07. April 2020, 16:07 Uhr

Karate war beim Deutschen Turn- und Sportbund der DDR verpönt. Sportler sollten die olympischen Kampfsportarten trainierten. Und so wurde Judo staatlich gefördert, Karate allenfalls geduldet. Aber wo ein Wille ist, ist ein Weg. Und so schaffte es der Ostberliner Karate-Pionier Axel Dziersk in den 1970er-Jahren, Karate sogar zu seinem Beruf zu machen.

"Auf mich waren insgesamt 44 Spitzel angesetzt" , erzählt Axel Dziersk, der erste Karate-Kämpfer der DDR, der einen Schwarzen Gürtel trug. Offenbar interessierte sich die Staatssicherheit für ihn, weil er eine in der DDR unerwünschte Sportart ausübte - und vielleicht auch, weil er durch diese Leidenschaft Kontakte zu anderen Sportlern im Ausland hatte.

Karate war unerwünscht

Karate ist die Kampfkunst der "leeren Hände". Im Fernen Osten ist sie ein fester Bestandteil der Kultur. In der DDR war Karate dagegen verpönt. Aber in Judo-Sportvereinen wurde dennoch Karate geübt. Und zwar heimlich. Etwa 2.000 Karate-Kämpfer gab es in der DDR, mutmaßt Axel Dziersk. Als Trainer fungierten zum Beispiel Seefahrer, die Karate im Ausland gelernt hatten, oder Fallschirmjäger der NVA, die natürlich Karate konnten. Lehrübungen und Bewegungsabläufe wurden aus Fachbüchern kopiert, die von Hand zu Hand gingen.                 

Dziersks Mutter, die als Retnerin in den Westen reisen durfte, schmuggelte die begehrte Literatur für ihren karatebegeisterten Sohn nach Ostberlin. "Es wurde ja ringsherum Karate betrieben. Alle Nachbarländer – Polen, Tschechien, Westdeutschland – die haben ja alle, sagen wir mal, Karate betrieben. Nur wir nicht." Den Umgang seines Heimatlandes mit dem geliebten Sport bedauert Dziersk bis heute.

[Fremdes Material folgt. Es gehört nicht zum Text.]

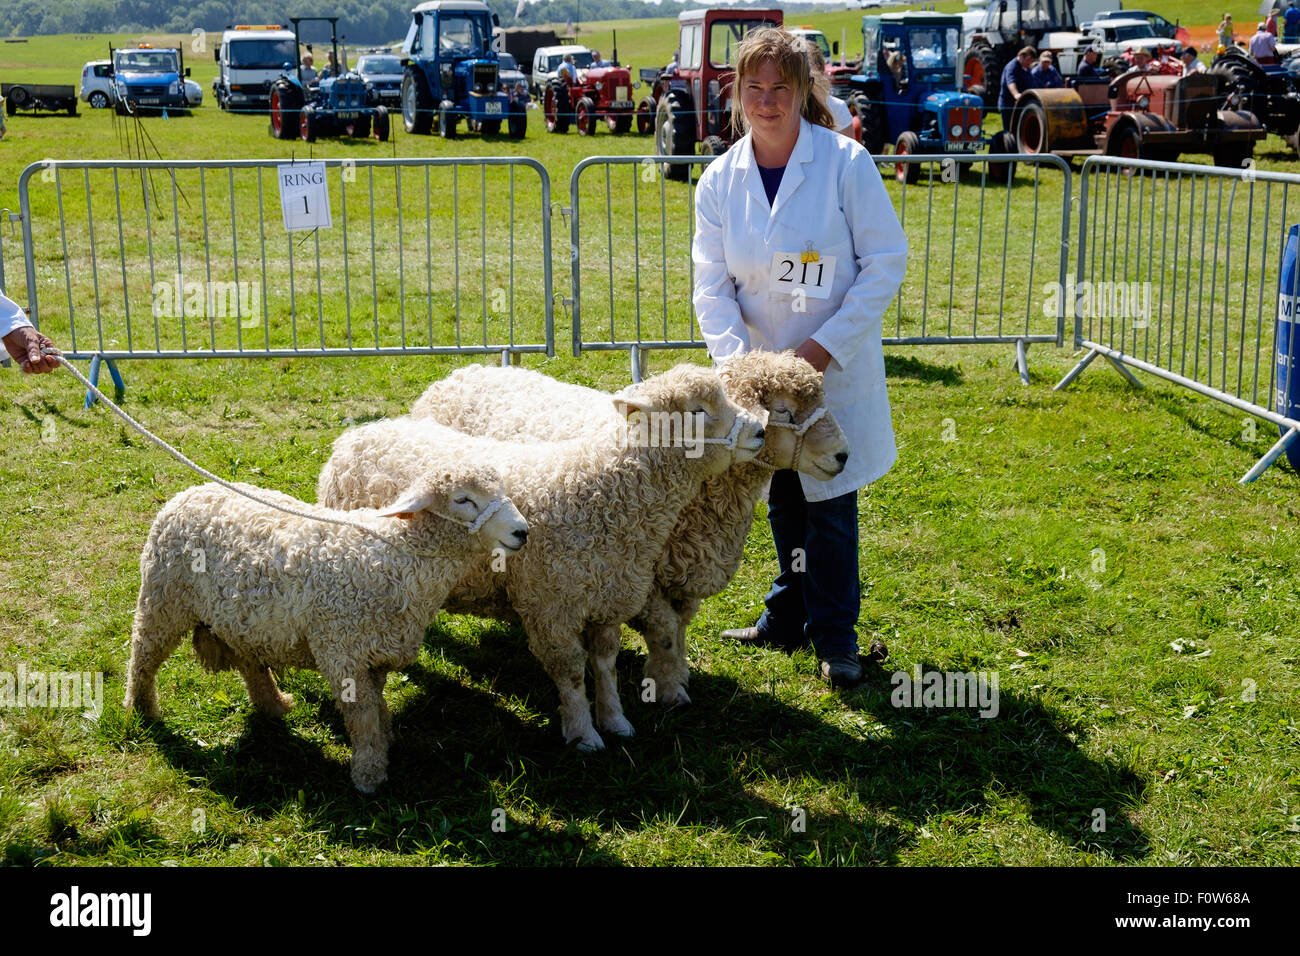 Gestionnaire en robe blanche avec groupe de trois moutons de Devon et de Cornouailles au Salon de l'agriculture de Chepstow pour juger de l'anneau. Pays de Galles Chepstow Banque D'Images

Prüfung in der Gartenlaube

Axel Dziersk wurde 1950 in Berlin geboren. Mit Anfang Zwanzig entdeckte er Karate für sich. In einem ausgedienten Pferdestall bei Berlin richtete er sich Mitte der 70er-Jahre seine private Trainingsarena ein, seinen Dojo, wie es in der Karate-Kunst heißt. Hier übte der Autodidakt in jeder freien Minute. Für die Prüfung zum ersten Dan, dem ersten Schwarzgürtel-Grad, lädt er 1981 drei Karatemeister aus West-Berlin zu sich auf das Privatgrundstück ein und legt so erfolgreich die Prüfung ab.

Karate zum Beruf gemacht

Axel Dziersk wollte seinen geliebten Sport keineswegs nur im Verborgenen betreiben. Das Problem löste er elegant: Er machte 1972 Karate einfach zu seinem Beruf: "Ich habe in jungen Jahren begonnen, als Kaskadeur bei Film und Fernsehen zu arbeiten. Und habe vom 'Komitee für Unterhaltungskunst' eine Einstufung als Artist bekommen. Ich war dann halt Artist. Und ich habe immer gesagt, ich brauche das Karate-Training für die Arbeit. Und die Waffen, die Samuraischwerter zum Beispiel, galten als Requisiten."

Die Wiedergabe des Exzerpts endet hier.